Genome-wide selection (GWS) was first proposed by Meuwissen et al. (2001) and is a form of molecular-marker assisted selection that simultaneously predicts the genetic effects of hundreds or thousands of DNA markers on phenotypes (Resende et al., 2008). These markers, which are in linkage disequilibrium (LD) with the QTL, can have both large and small effects and can account for nearly all of the genetic variation within a quantitative trait (Resende et al., 2008). Additionally, whole genome prediction tends to be more accurate because it better accommodates the variation created by Mendelian segregation during gamete formation (Resende et al., 2008; Zapata-Velenzuela et al., 2013).
The increasing availability and decreasing costs of molecular markers spanning the whole genome has led to the implementation of large-scale genomic selection in breeding programs for different species (Misztal et al., 2009; Zhong et al., 2009; Daetwyler et al., 2010; Grattapaglia and Resende, 2011; Resende et al., 2012; Resende Júnior et al., 2012).

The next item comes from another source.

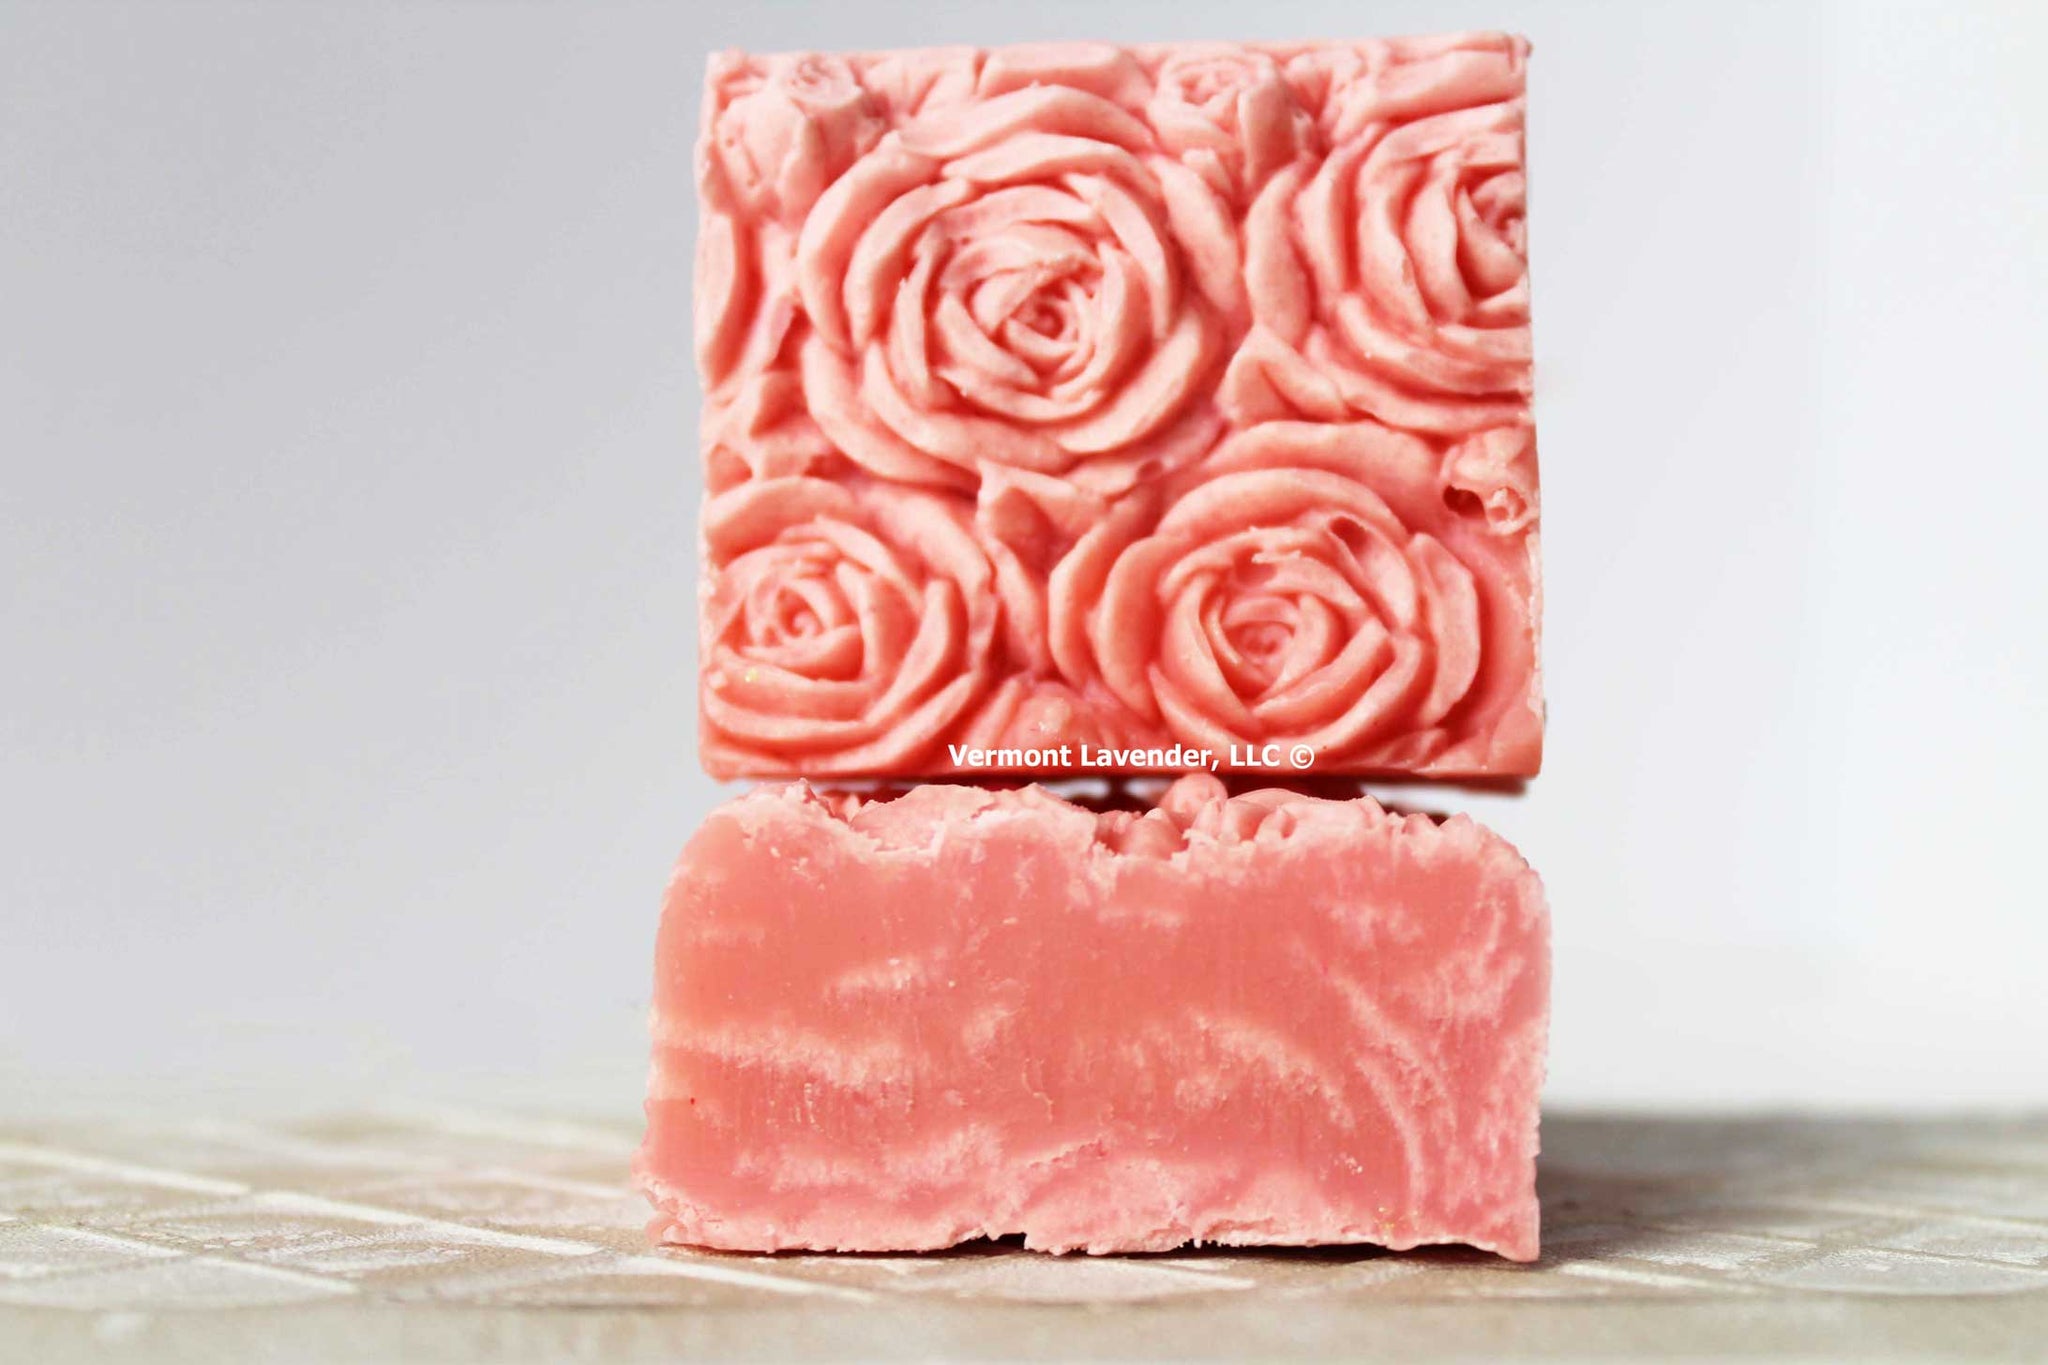 Hand Soaps | Floral Love Rose Soap | Love, Devotion, Kindness | Mother's Love

GWS has promise for use in breeding programs because of the efficient selection of traits with low heritability, permitting the best use of available genetic resources by selecting appropriate genetic crosses, and increasing genetic gain per unit time as it enables early identification of the best individuals for selection (Legarra et al., 2008; Daetwyler et al., 2013; Resende et al., 2014).
In Citrus species, the juvenile period is long, ranging from 1 to 20 years; although flowering and fruiting may occur within 3-7 years depending on the species. Therefore, there is a delay in the hybridization process and in the selection of desired characteristics in breeding programs. In addition, large areas are required for the development of hybrids, which not only increases the cost of plant maintenance in the field but also limits the number of families and individuals per family that can be evaluated (Talon and Gmitter Junior, 2008; Gmitter Junior et al., 2012). GWS can minimize these undesirable consequences as selection can be performed in juvenile plants, which reduces the interval between generations, increases the intensity of selection and, therefore, the gain per unit time and cost (Resende et al., 2008; Wong and Bernardo, 2008; Heffner et al., 2009; Grattapaglia and Resende, 2011; Kemper and Goddard, 2012).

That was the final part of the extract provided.